TL crash has created pessimism — survey
THE economic crisis triggered by the Turkish lira devaluation has created “dangerously” polarised “community without hope” and an unprecedented level of pessimism about future prospects, according to a recent survey.
Carried out in September, the survey by the Centre on Migration, Identity and Rights Studies (CMIRS) showed that 80 per cent of respondents could foresee no improvement in their economic prospects within two years — compared to 17.98 per cent at the last survey in June — and only 4 per cent expected any improvement. Eighty-five per cent believed the country was “moving in the wrong direction” economically, up from 77.9 per cent in June.
The same survey also revealed that the crisis had rocked confidence in the fourway coalition government — now judged “unsuccessful” by 83.34 per cent of respondents, compared with 63.39 per cent in June.
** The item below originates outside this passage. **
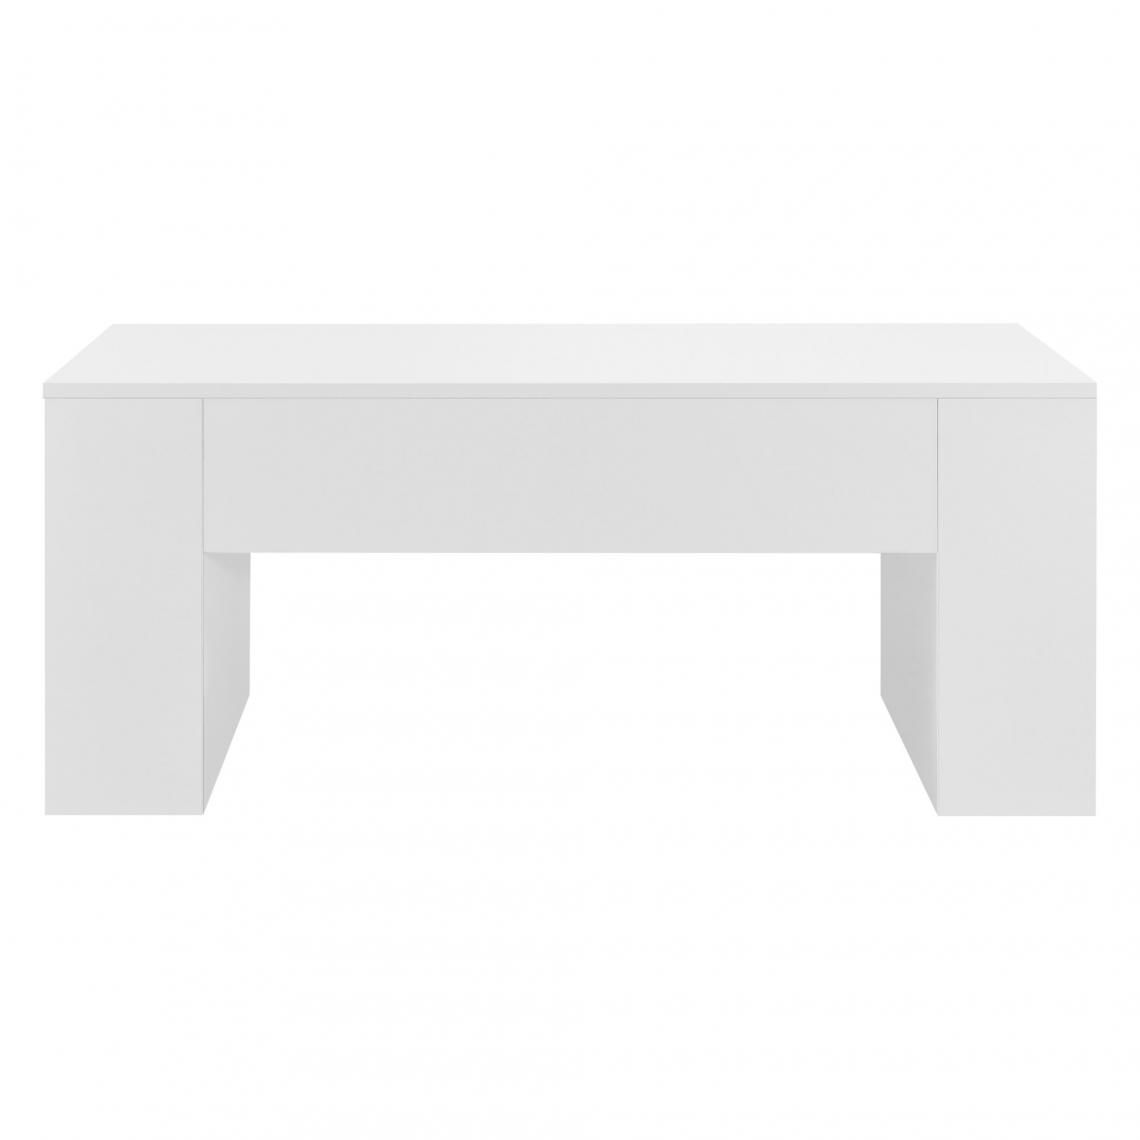 Helloshop26 - Table basse rectangulaire pour salon 100 cm blanc brillant 03_0006174 - Tables basses

The timing of the telephone poll coincided with the early impact of the currency crisis on daily life, particularly through rocketing food, fuel and utility prices.
“These factors and the government’s failure to fulfil its promises resulted in a community without hope,” said CMIRS director Mini Yucel, describing the level of pessimism revealed as “unprecedented” in the organisation’s quarterly surveys. She added: “In addition to seeing tendencies to individualisation, superficial discussions are being carried out on the basis of slogans to seek solutions for social problems and the community is being polarised. This is a particularly dangerous tendency.”
Other findings showed that most respondents — 35 per cent — believed the Presidency was the most successful in “doing its duty” to pull the country out of crisis, while the government got the thumbs up from 17.3 per cent and the opposition parties from just 9.44 per cent.
Asked what they thought would be the best way out of the economic troubles, 31.33 per cent felt this was by “putting our own house in order” and seeking recognition for the TRNC.
Some 28 per cent believed a federal settlement in Cyprus would bring peace and prosperity, while 13.49 per cent thought annexation of the TRNC by Turkey was the best option.
The survey revealed the government as one of the country’s least trusted institutions, gaining a confidence score of just 2.2 out of five while trade unions scored 2.18, Parliament 2.12 and political parties the least at 1.83.
Police were ranked most trustworthy with a score of 3.2, followed by the judiciary on 3.14, the Presidency on 2.96 and the Ombudsman on 2.85.